Table of contents
No headings in the article.
I use the Jupyter notebook I installed from Anaconda. Reading from the book Pandas for everyone by Daniel Y. Chen. I learned that operations are vectorized, and methods that work on series and data frames are vectorized.

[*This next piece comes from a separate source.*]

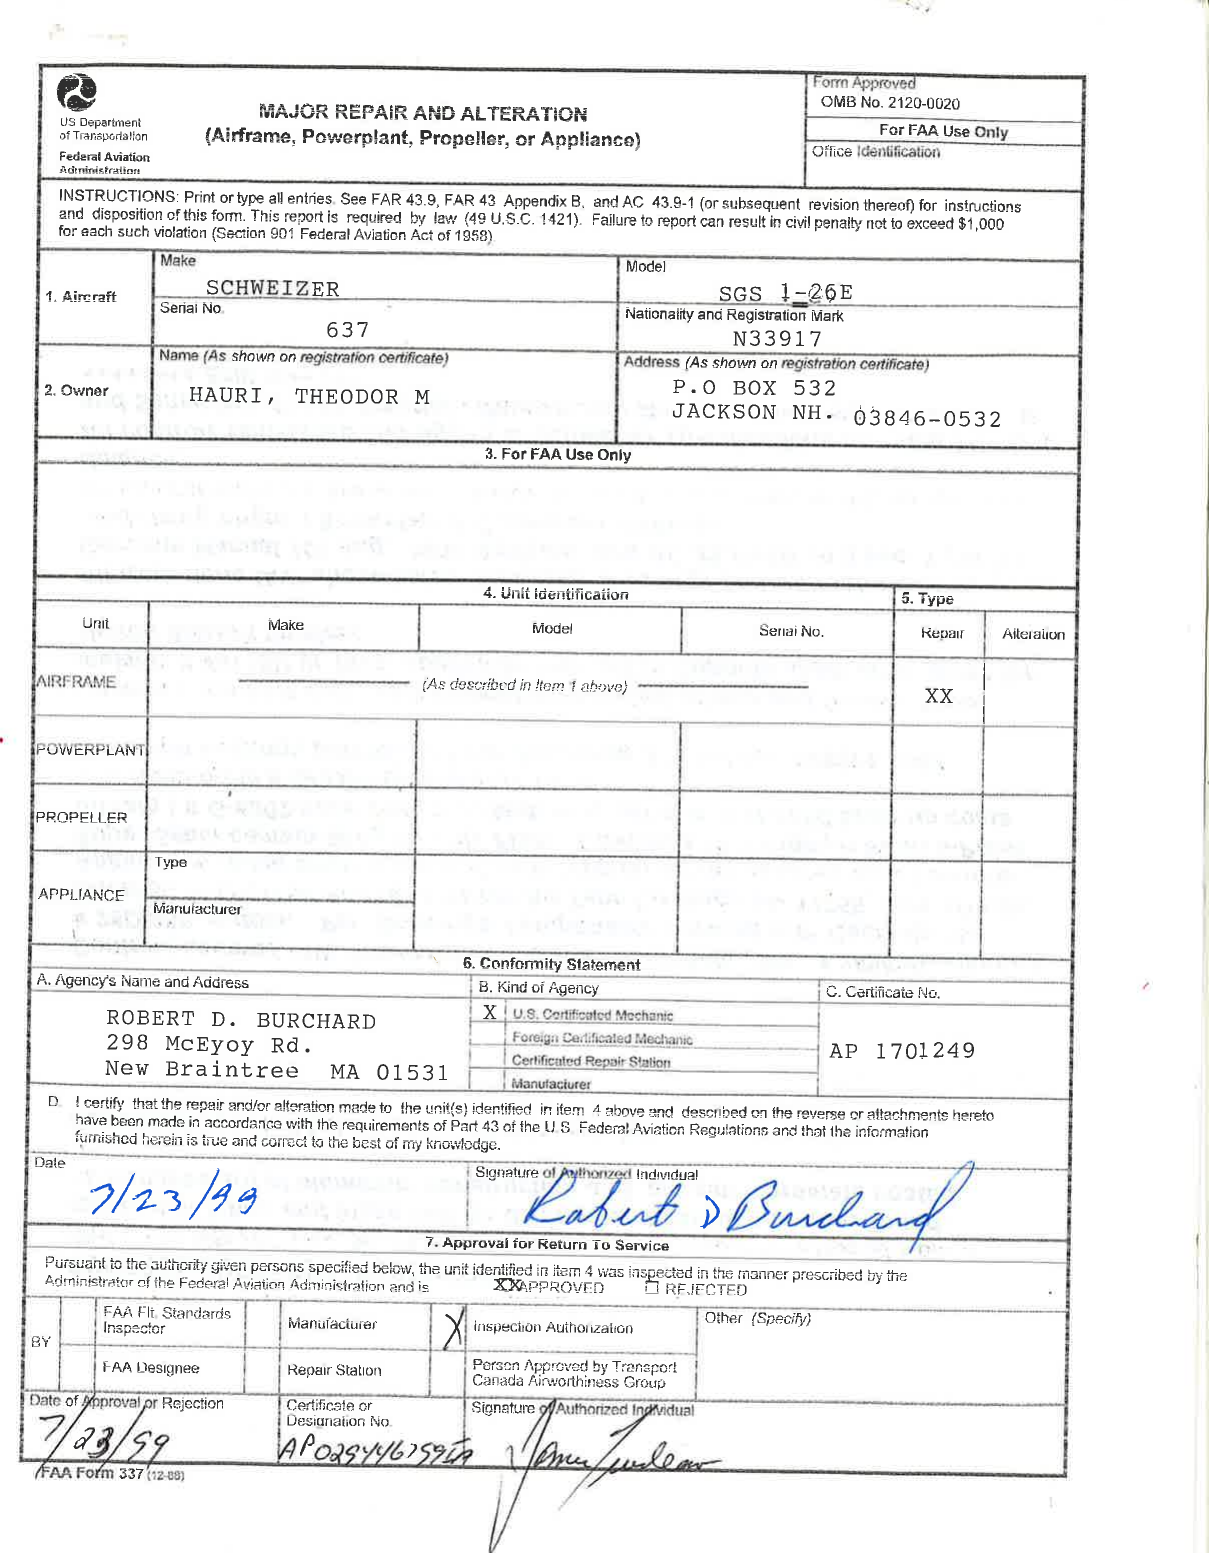 Page 1 of 4 - SGS 1-26 N33917 Form 337 Major Repair

Using the datasets scientists.csv.
#Importing necessary library
import pandas as pd
# Importing Data set
scientists = pd.read_csv('scientist.csv')
scientists.head()
>>># Data Output
Name Born Died Age Occupation
0 Rosaline Franklin 1920-07-25 1958-04-16 37 Chemist
1 William Gosset 1876-06-13 1937-10-16 61 Statistician
2 Florence Nightingale 1820-05-12 1910-08-13 90 Nurse
3 Marie Curie 1867-11-07 1934-07-04 66 Chemist
4 Rachel Carson 1907-05-27 1964-04-14 56 Biologist
ages = scientists['Age']
print(ages)
>>> # Data Output
0 37
1 61
2 90
3 66
4 56
5 45
6 41
7 77
Name: Age, dtype: int64
print(ages + ages)
>>> # Data Output
0 74
1 122
2 180
3 132
4 112
5 90
6 82
7 154
Name: Age, dtype: int64
Vectors with integers (scalars)
When you operate on a vector using a scalar, the scalar will be recycled across the elements in the vector.
print(ages + 100)
>>> # Data Output
0 137
1 161
2 190
3 166
4 156
5 145
6 141
7 177
Name: Age, dtype: int64
print(ages * 2)
>>> # Data Output
0 74
1 122
2 180
3 132
4 112
5 90
6 82
7 154
Name: Age, dtype: int64
Vectors with different lengths
When you are working with vectors of different lengths, the behavior will depend on the type of vectors.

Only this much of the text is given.